Closed iangow closed 4 years ago
Note I chose the passage as it was the longest one of the 3,000+ conference calls I processed (I just ran the code for a little while, then stopped it, as it's not worthwhile to run the code for a day or so and then have to run it again if there are issues).
@Yvonne-Han Hmm. A bit different. Maybe it would be better to start with a shorter passage to nail down the differences.
library(readxl)
library(tidyr)
library(dplyr, warn.conflicts = FALSE)
liwc_orig <- read_excel("~/Downloads/LIWC2015 Results (my_data.txt).xlsx")
to_compare <-
liwc_orig %>%
select(-Filename, -Segment) %>%
mutate_at(.vars = vars(-WC), funs(./100 * WC)) %>%
select(-WC:-Dic) %>%
gather(key = "category", value = "liwc_orig") %>%
mutate(category = tolower(category))
#> Warning: funs() is soft deprecated as of dplyr 0.8.0
#> Please use a list of either functions or lambdas:
#>
#> # Simple named list:
#> list(mean = mean, median = median)
#>
#> # Auto named with `tibble::lst()`:
#> tibble::lst(mean, median)
#>
#> # Using lambdas
#> list(~ mean(., trim = .2), ~ median(., na.rm = TRUE))
#> This warning is displayed once per session.
library(dplyr, warn.conflicts = FALSE)
library(DBI)
pg <- dbConnect(RPostgres::Postgres(), bigint = "integer")
rs <- dbExecute(pg, "SET search_path TO se_features, streetevents")
liwc_2015_output <- tbl(pg, "liwc_2015_output")
sample_liwc <-
liwc_2015_output %>%
filter(file_name == "1802211_T", context == "pres", speaker_number == 3) %>%
select(-1:-6) %>%
collect() %>%
gather(key = "category", value = "liwc_alt") %>%
mutate(category = tolower(category))
sample_liwc %>%
inner_join(to_compare)
#> Joining, by = "category"
#> # A tibble: 73 x 3
#> category liwc_alt liwc_orig
#> <chr> <int> <dbl>
#> 1 function 6289 6230.
#> 2 pronoun 1698 1673.
#> 3 ppron 1034 1010.
#> 4 i 130 129.
#> 5 we 648 649.
#> 6 you 129 122.
#> 7 shehe 9 9.54
#> 8 they 118 103.
#> 9 ipron 664 663.
#> 10 article 898 898.
#> # … with 63 more rows
Created on 2019-07-29 by the reprex package (v0.3.0)
@iangow I also had a look at the data and found they are different. For some categories, I think it is working as intended (especially for those results of 0), but for some of the others there seem to be a huge gap (for example, the i category). The LIWC software has another function: It can highlight the specific words that belong to one category. Do you think it might help in determining the issues?
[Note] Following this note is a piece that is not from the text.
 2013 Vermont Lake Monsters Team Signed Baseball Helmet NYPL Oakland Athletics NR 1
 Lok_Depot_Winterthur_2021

@Yvonne-Han Probably best to communicate rather than using email. I have updated the comments with code output above to reflect the new approach. The numbers are much closer now, but not identical.
I think you want to choose a passage of text with fewer words for comparison.
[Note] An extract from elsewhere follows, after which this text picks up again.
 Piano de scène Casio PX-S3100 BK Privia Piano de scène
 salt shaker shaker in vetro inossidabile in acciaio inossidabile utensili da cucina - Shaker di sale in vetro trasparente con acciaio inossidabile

@iangow Yes, it seems much closer now, but given the differences are not proportional, I would guess that there are still some issues with the dictionary. Let me get back to you if I find anything else.
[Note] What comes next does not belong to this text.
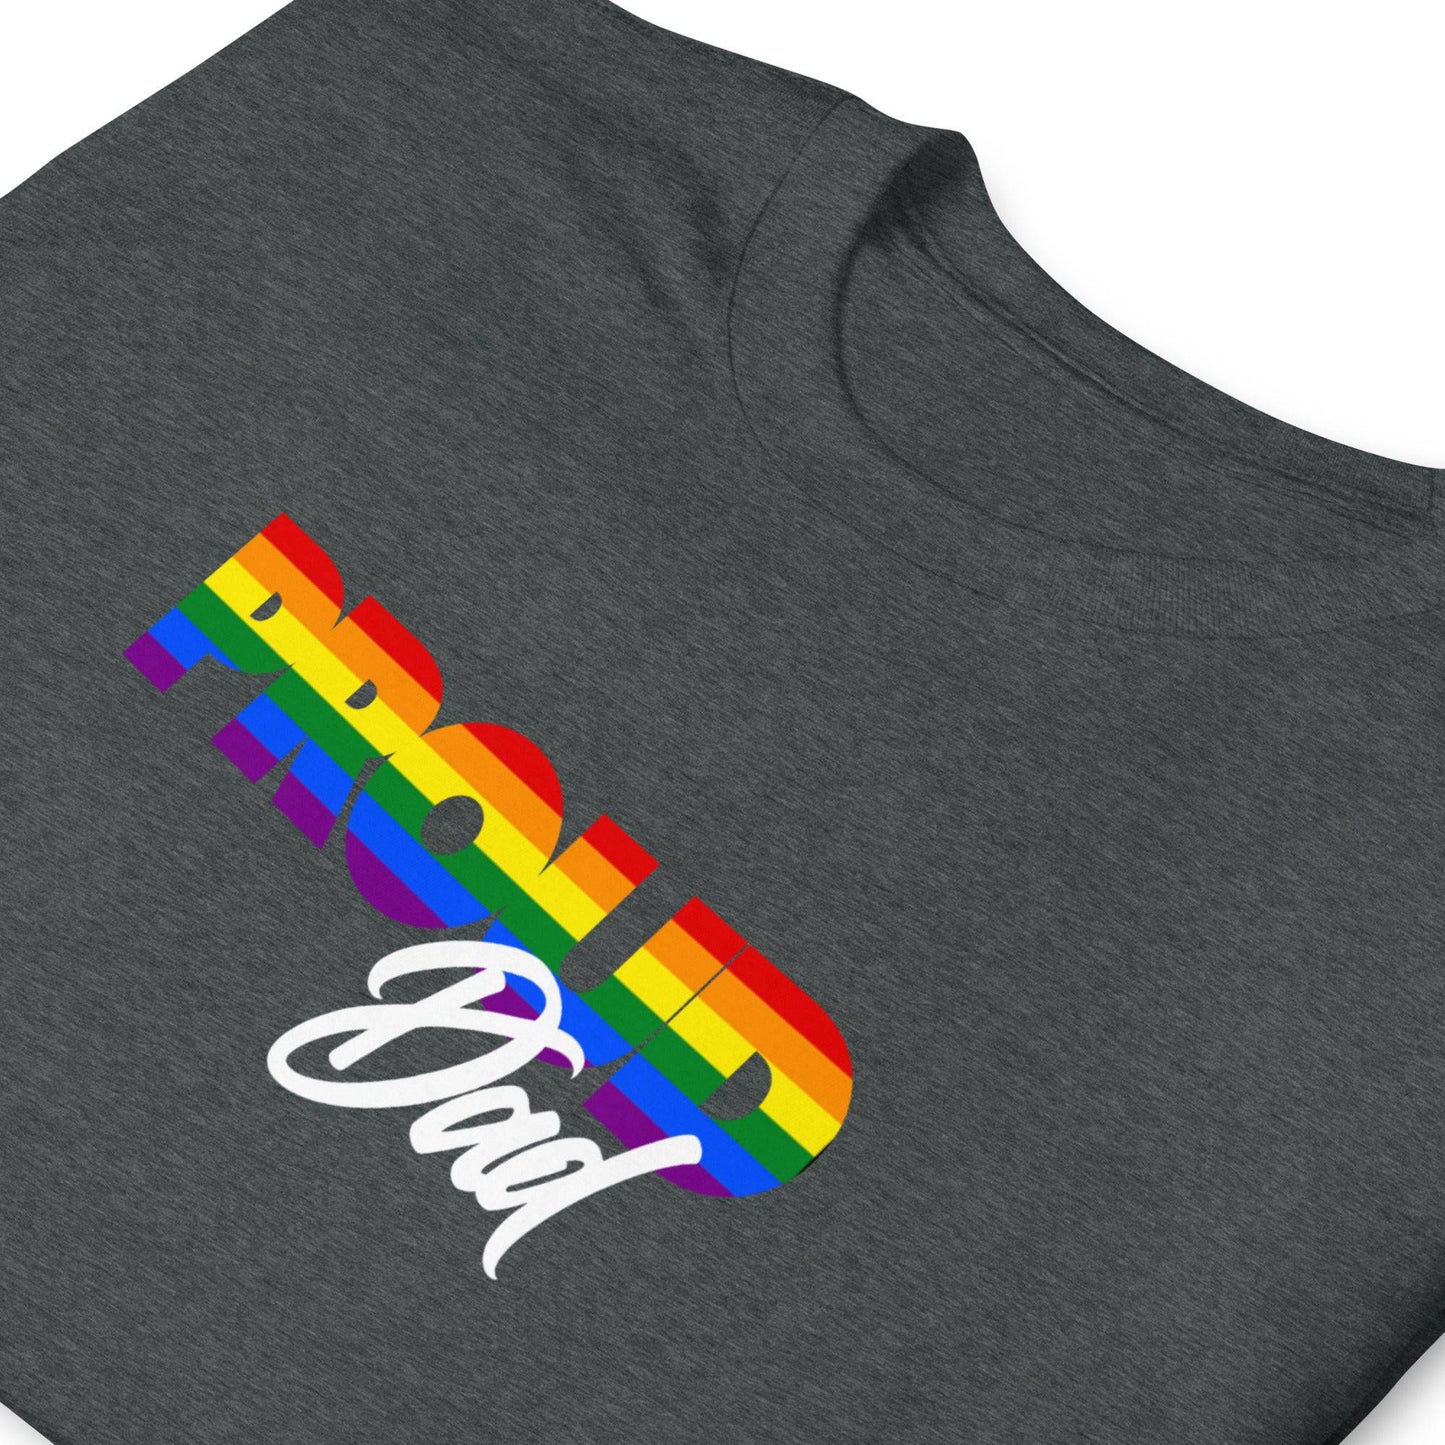 Proud Dad LGBT Pride Ally Shirt - Rose Gold Co. Shop

@Yvonne-Han Focus on utterances where there are a few words in a category (so that the comparison can detect issues), but not so many that it becomes laborious. Also, I'd suggest focusing on a handful of LIWC categories at first (eliminate generic issues before focusing on ones within categories, if any).
Here are some candidates (I assume here that I don't need to filter on last_update
[sometimes more than one per file_name
] or section
, which is 1
for every row in over 99% of calls). You could adapt code I sent earlier to dump text from the database (let me know if you need help with this part).
library(dplyr, warn.conflicts = FALSE)
library(DBI)
pg <- dbConnect(RPostgres::Postgres(), bigint = "integer")
rs <- dbExecute(pg, "SET search_path TO se_features, streetevents")
liwc_2015_output <- tbl(pg, "liwc_2015_output")
liwc_2015_output %>%
distinct(file_name) %>%
count()
#> # Source: lazy query [?? x 1]
#> # Database: postgres [igow@10.101.13.99:5432/crsp]
#> n
#> <int>
#> 1 74
liwc_2015_output %>%
filter(Ppron == 13L) %>%
select(file_name, context, speaker_number)
#> # Source: lazy query [?? x 3]
#> # Database: postgres [igow@10.101.13.99:5432/crsp]
#> file_name context speaker_number
#> <chr> <chr> <int>
#> 1 12140978_T pres 2
#> 2 1545010_T qa 57
#> 3 1545010_T qa 53
#> 4 1545010_T qa 22
#> 5 5284715_T qa 43
#> 6 5284715_T pres 5
#> 7 5081592_T qa 21
#> 8 5081592_T pres 2
#> 9 836096_T qa 99
#> 10 4181352_T qa 30
#> # … with more rows
Created on 2019-07-29 by the reprex package (v0.3.0)
@iangow Thanks, Ian! I've got one more question about generating liwc_2015_output. Could it be that we got the dictionary right, but did something different when applying it to the calls? (For example, when you code the table, do you use regex? Could it be different from what LIWC software is using?) I cross-examined the dictionary for some of the categories that are producing different results, but it seems that the extracted dictionary is the same as the pdf.
@iangow Thanks, Ian! I've got one more question about generating liwc_2015_output. Could it be that we got the dictionary right, but did something different when applying it to the calls? (For example, when you code the table, do you use regex? Could it be different from what LIWC software is using?) I cross-examined the dictionary for some of the categories that are producing different results, but it seems that the extracted dictionary is the same as the pdf.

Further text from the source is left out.